> _ASSIGNED TASK_:
Go through the listing that follows and write it out exactly. Drop the pictures.

> _MATERIAL PROVIDED_:

┏━━

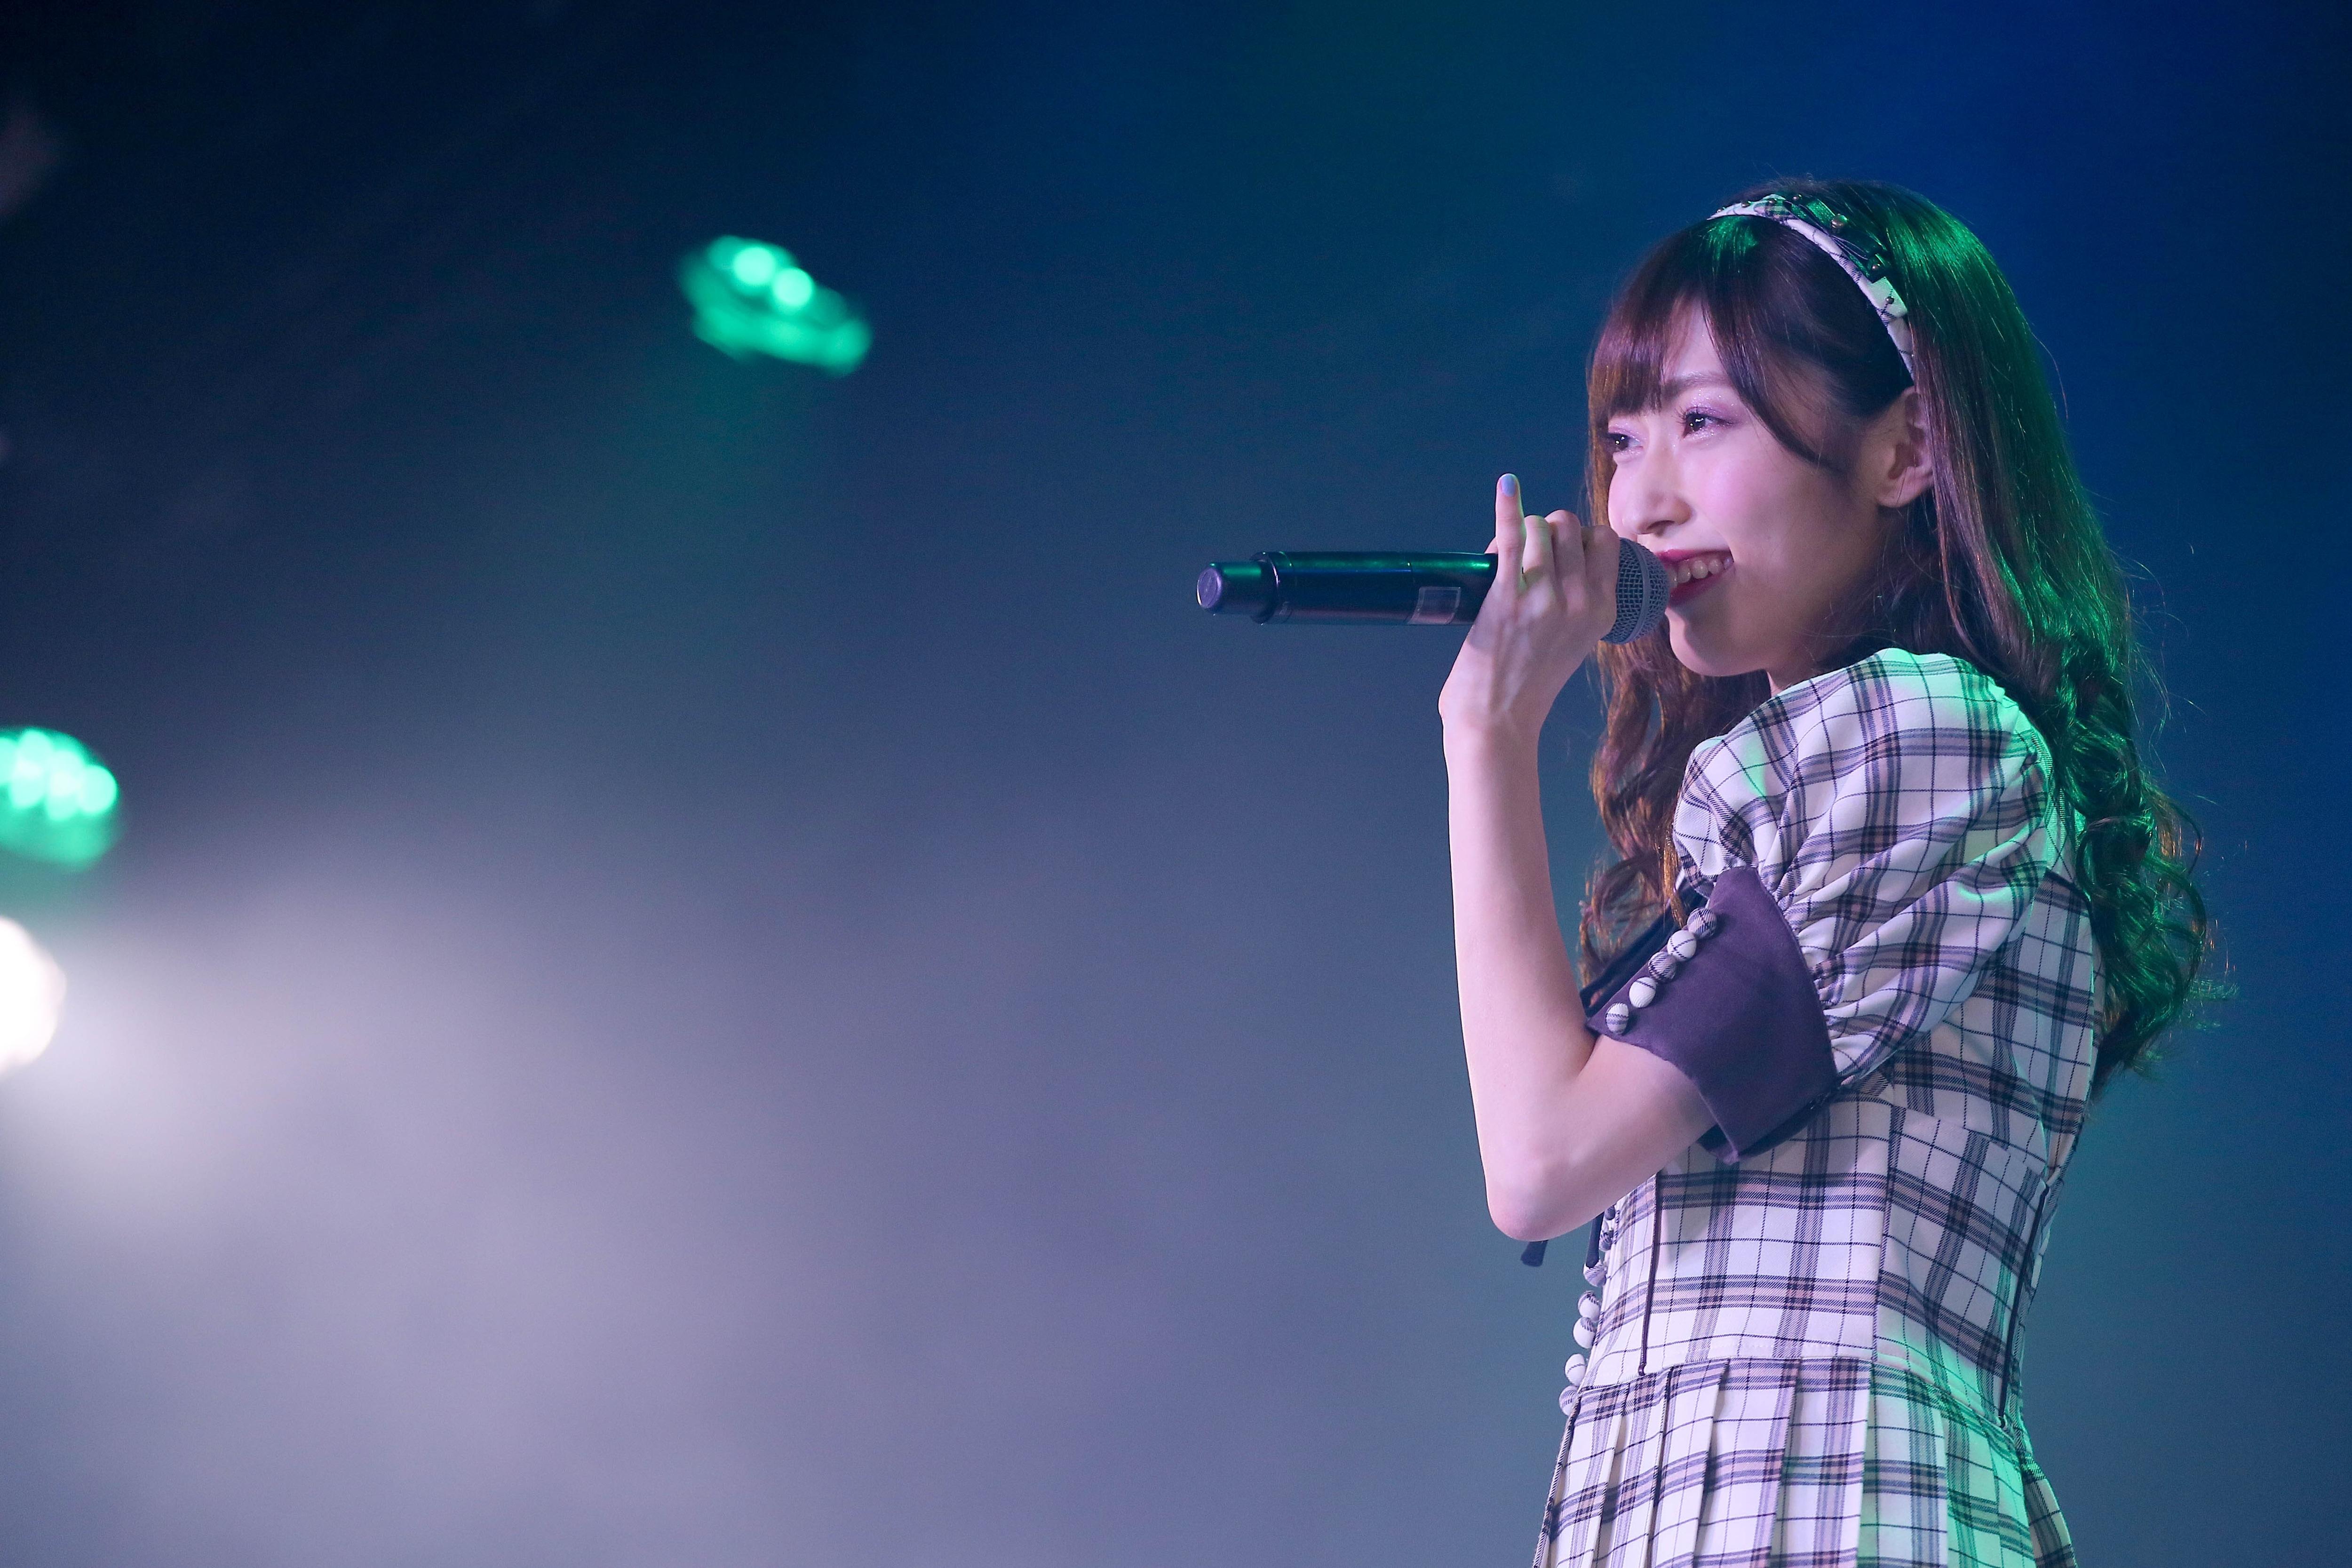 NGT48⼭⼝真帆、菅原りこ、⻑⾕川玲奈・卒業公演後のコメント発表!【写真14枚】の画像002
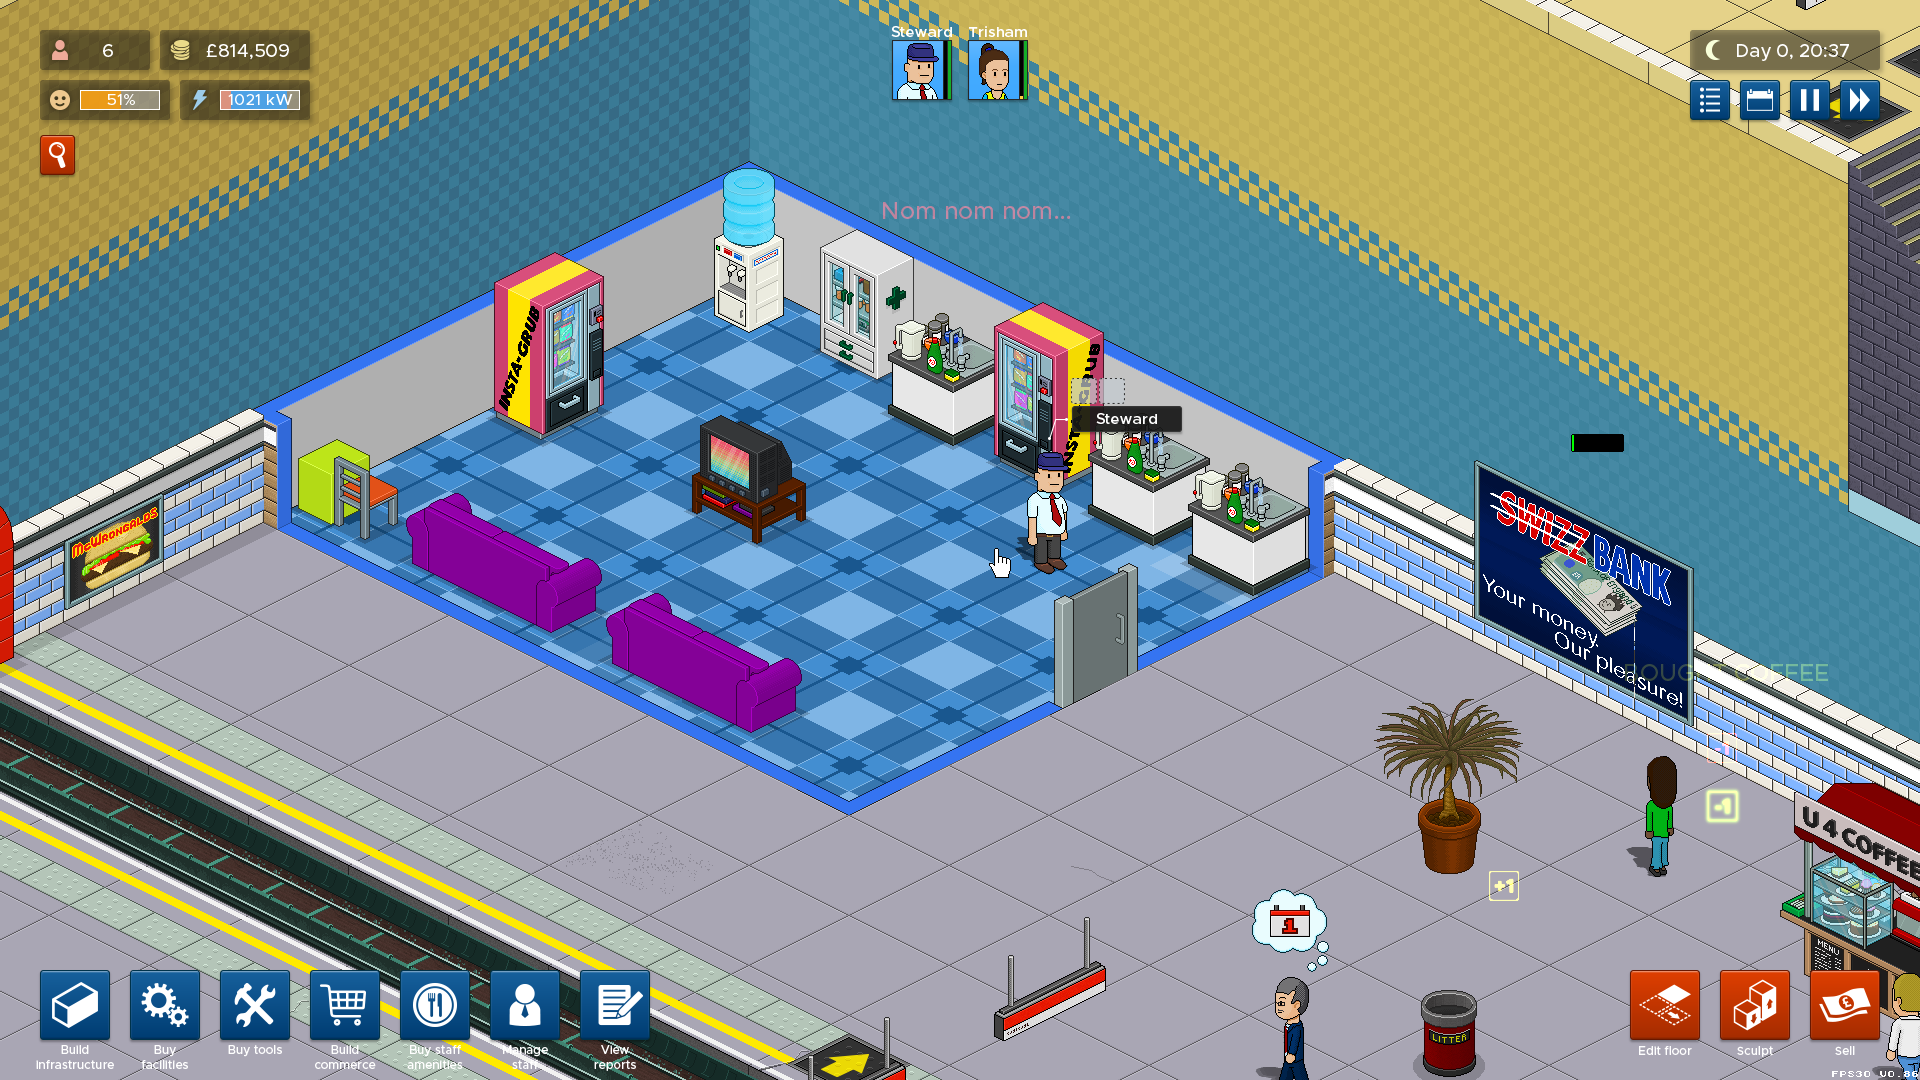 Overcrowd staff room
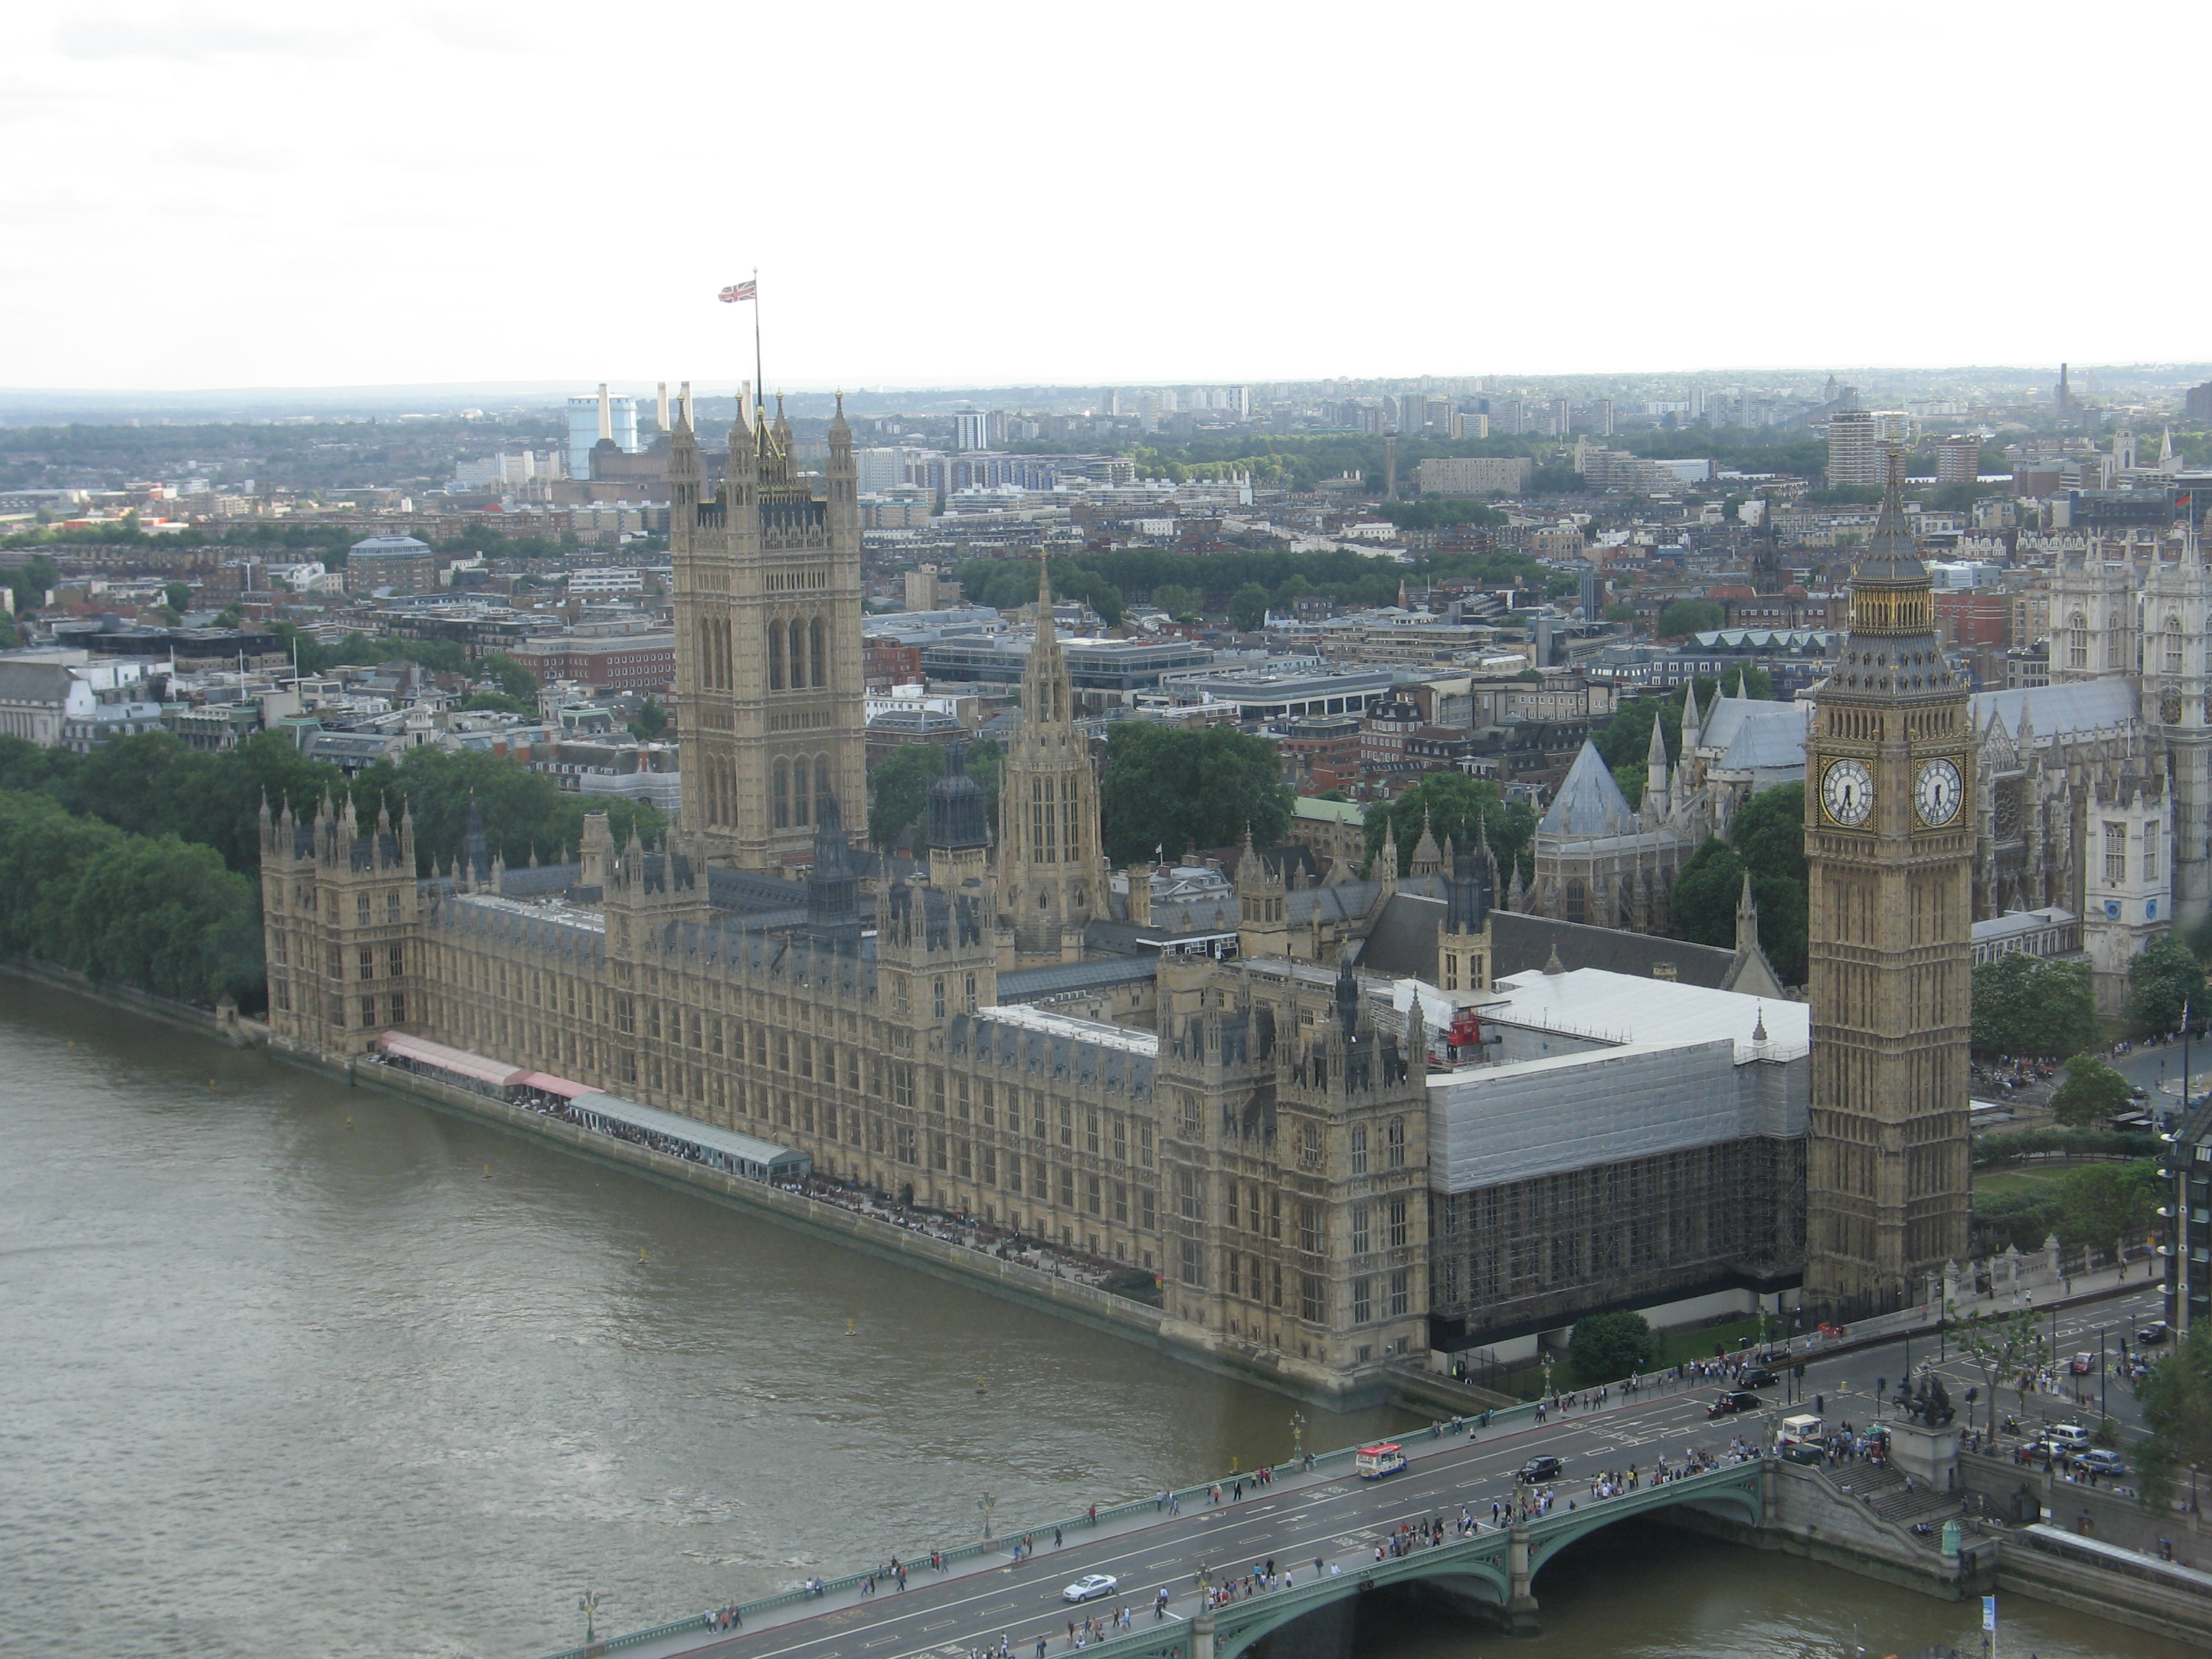 Londra (Inghilterra)

┗━━

> _RESPONSE_:
 NGT48⼭⼝真帆、菅原りこ、⻑⾕川玲奈・卒業公演後のコメント発表!【写真14枚】の画像002
 Overcrowd staff room
 Londra (Inghilterra)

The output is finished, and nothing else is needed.